───── DATA
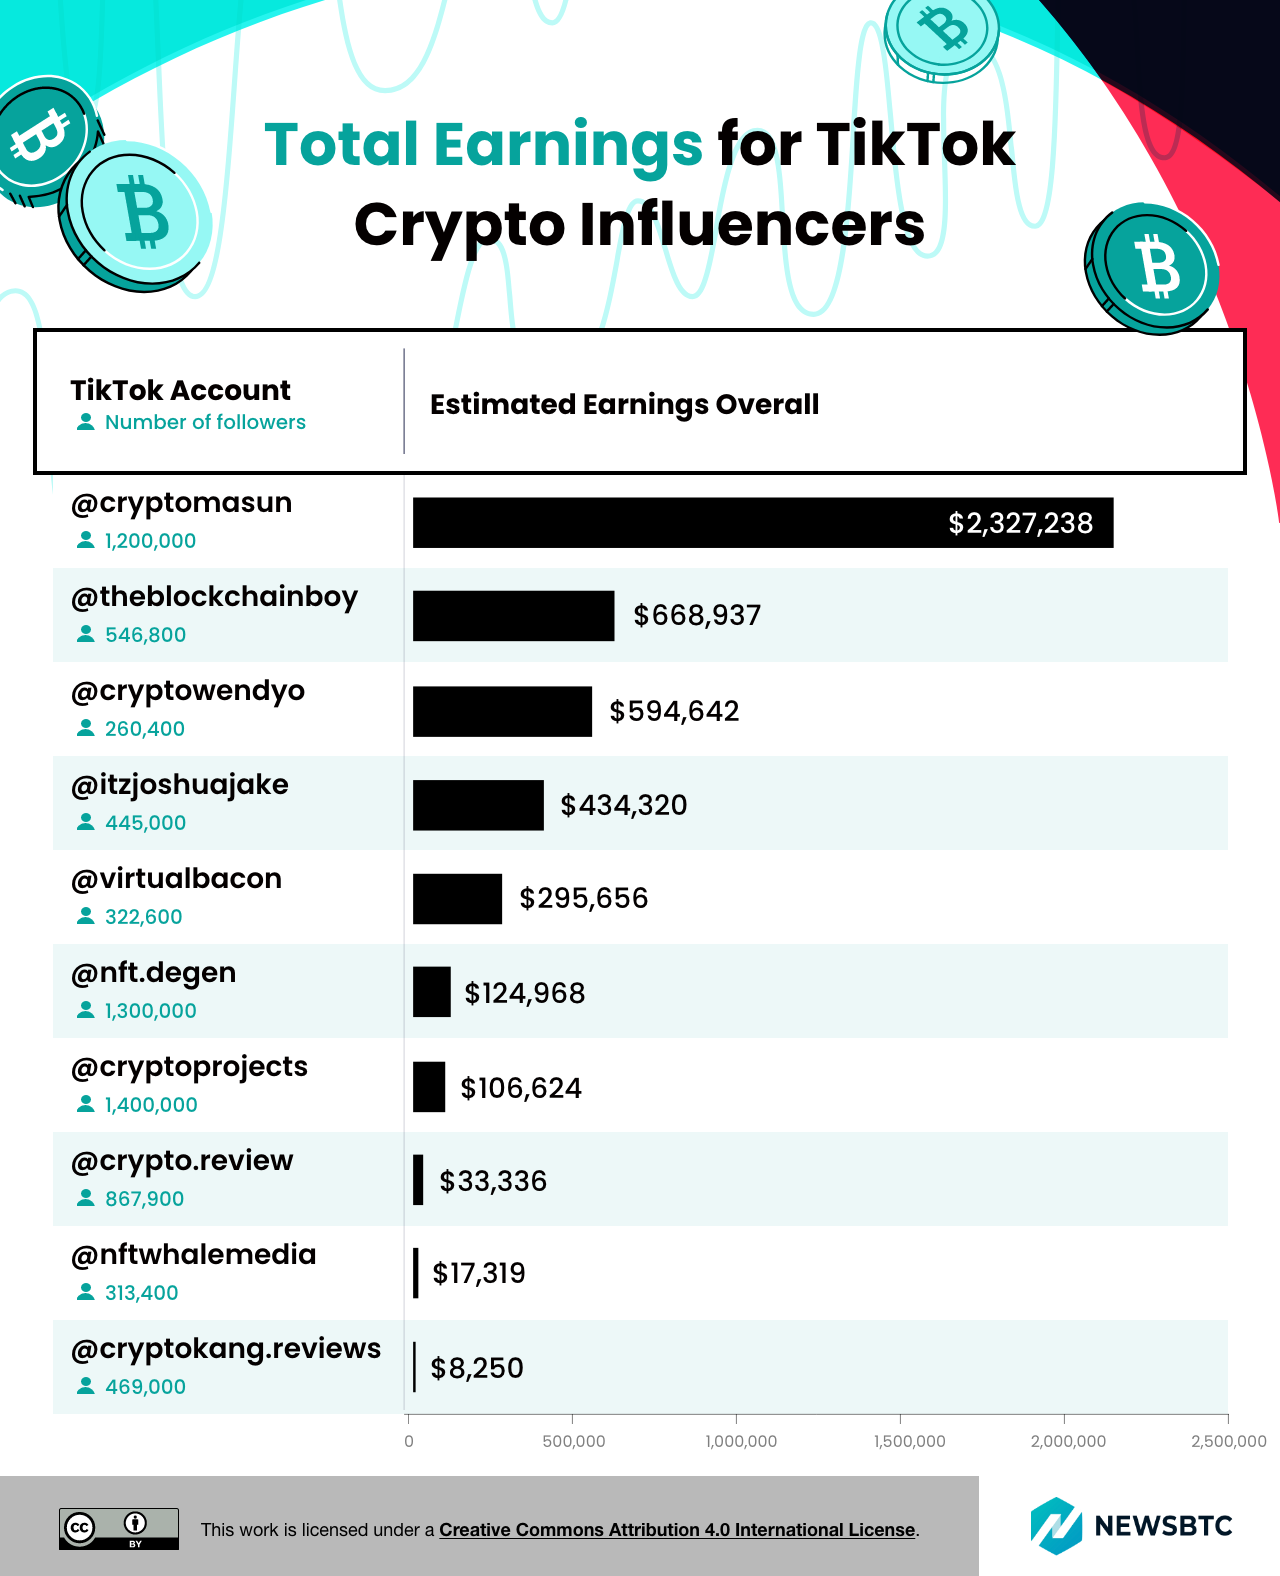 Total earnings for TikTok crypto influencers
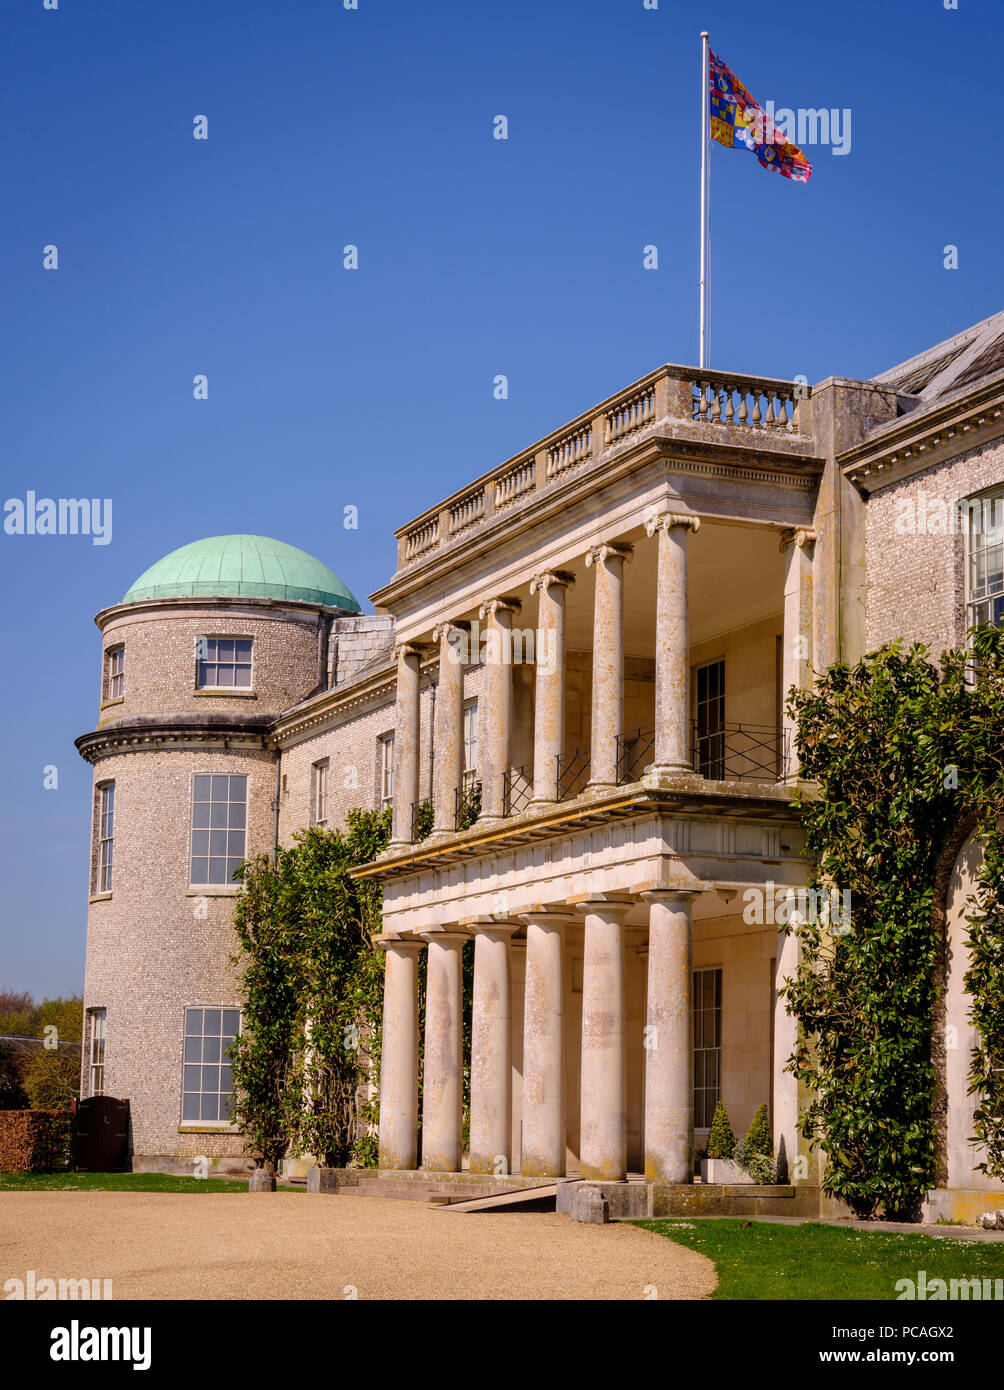 Goodwood House, a Goodwood station wagon, West Sussex Regno Unito. Foto Stock
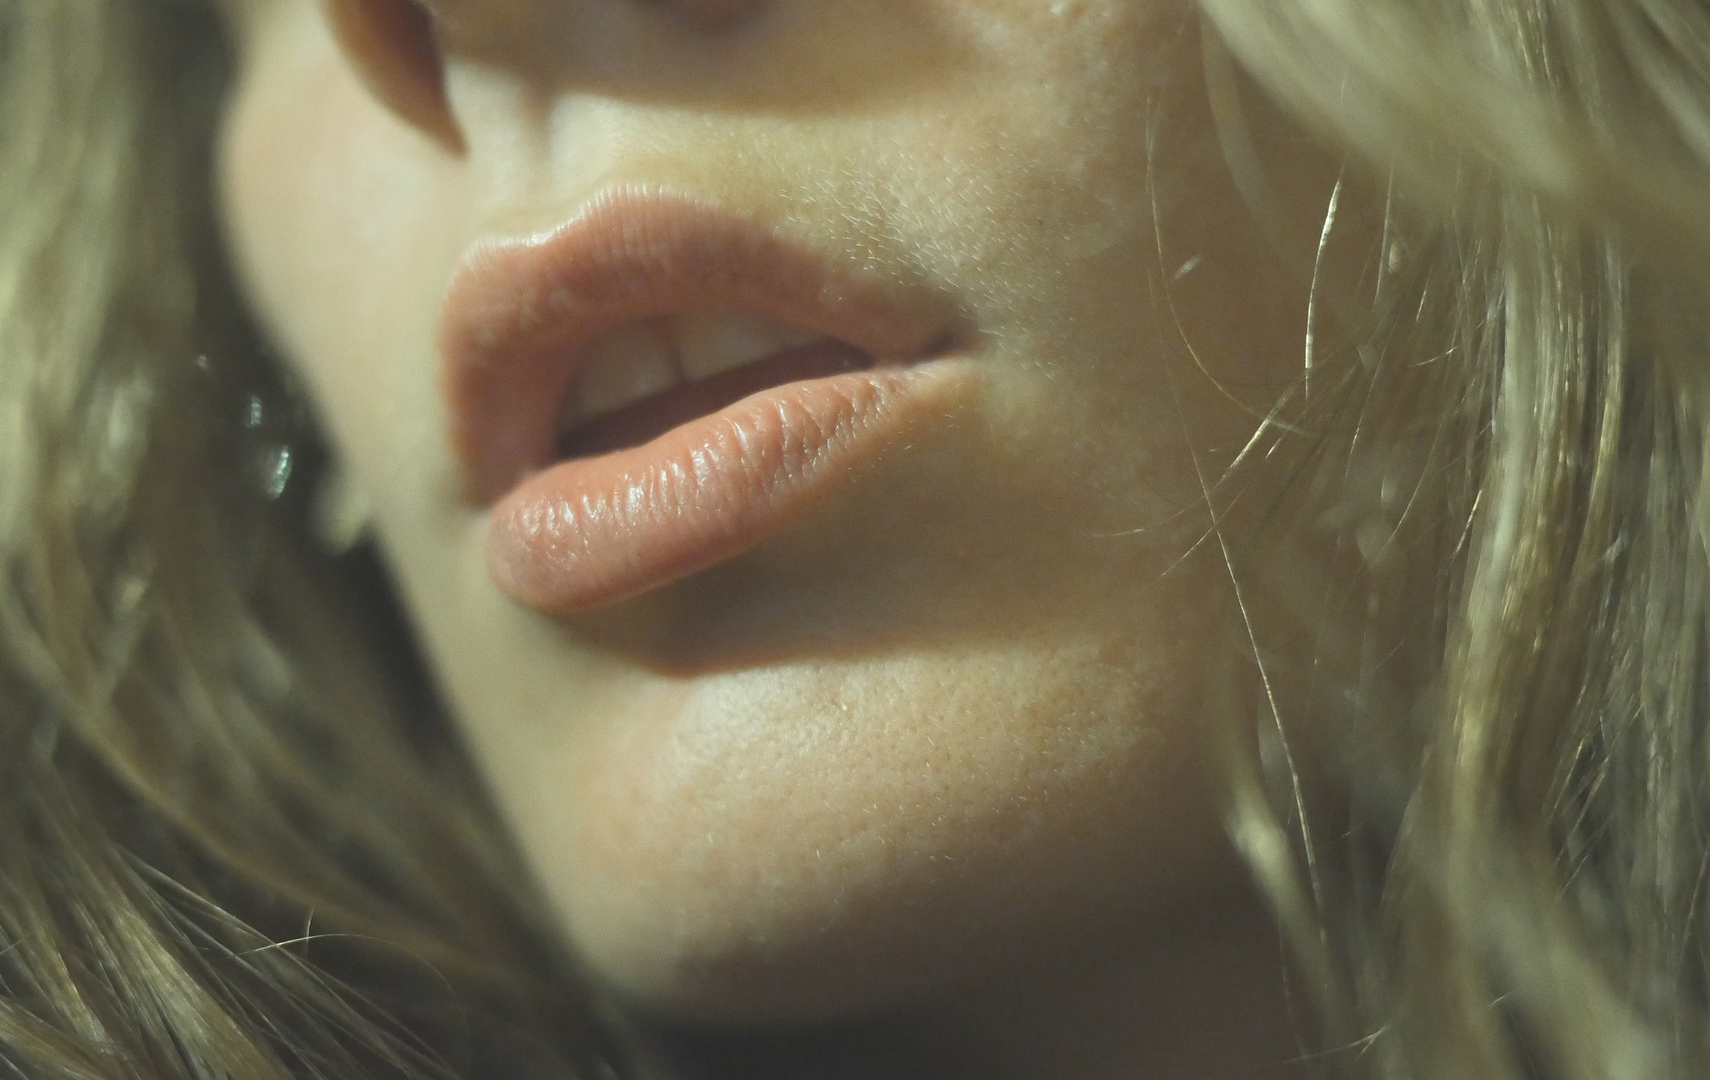 A close up on a woman's mouth and cheeks
──────────
▸ **WHAT YOU HAVE TO DO**: Print the material above word for word, and keep the pictures out of it.

▸ **TASK RESPONSE**:
 Total earnings for TikTok crypto influencers
 Goodwood House, a Goodwood station wagon, West Sussex Regno Unito. Foto Stock
 A close up on a woman's mouth and cheeks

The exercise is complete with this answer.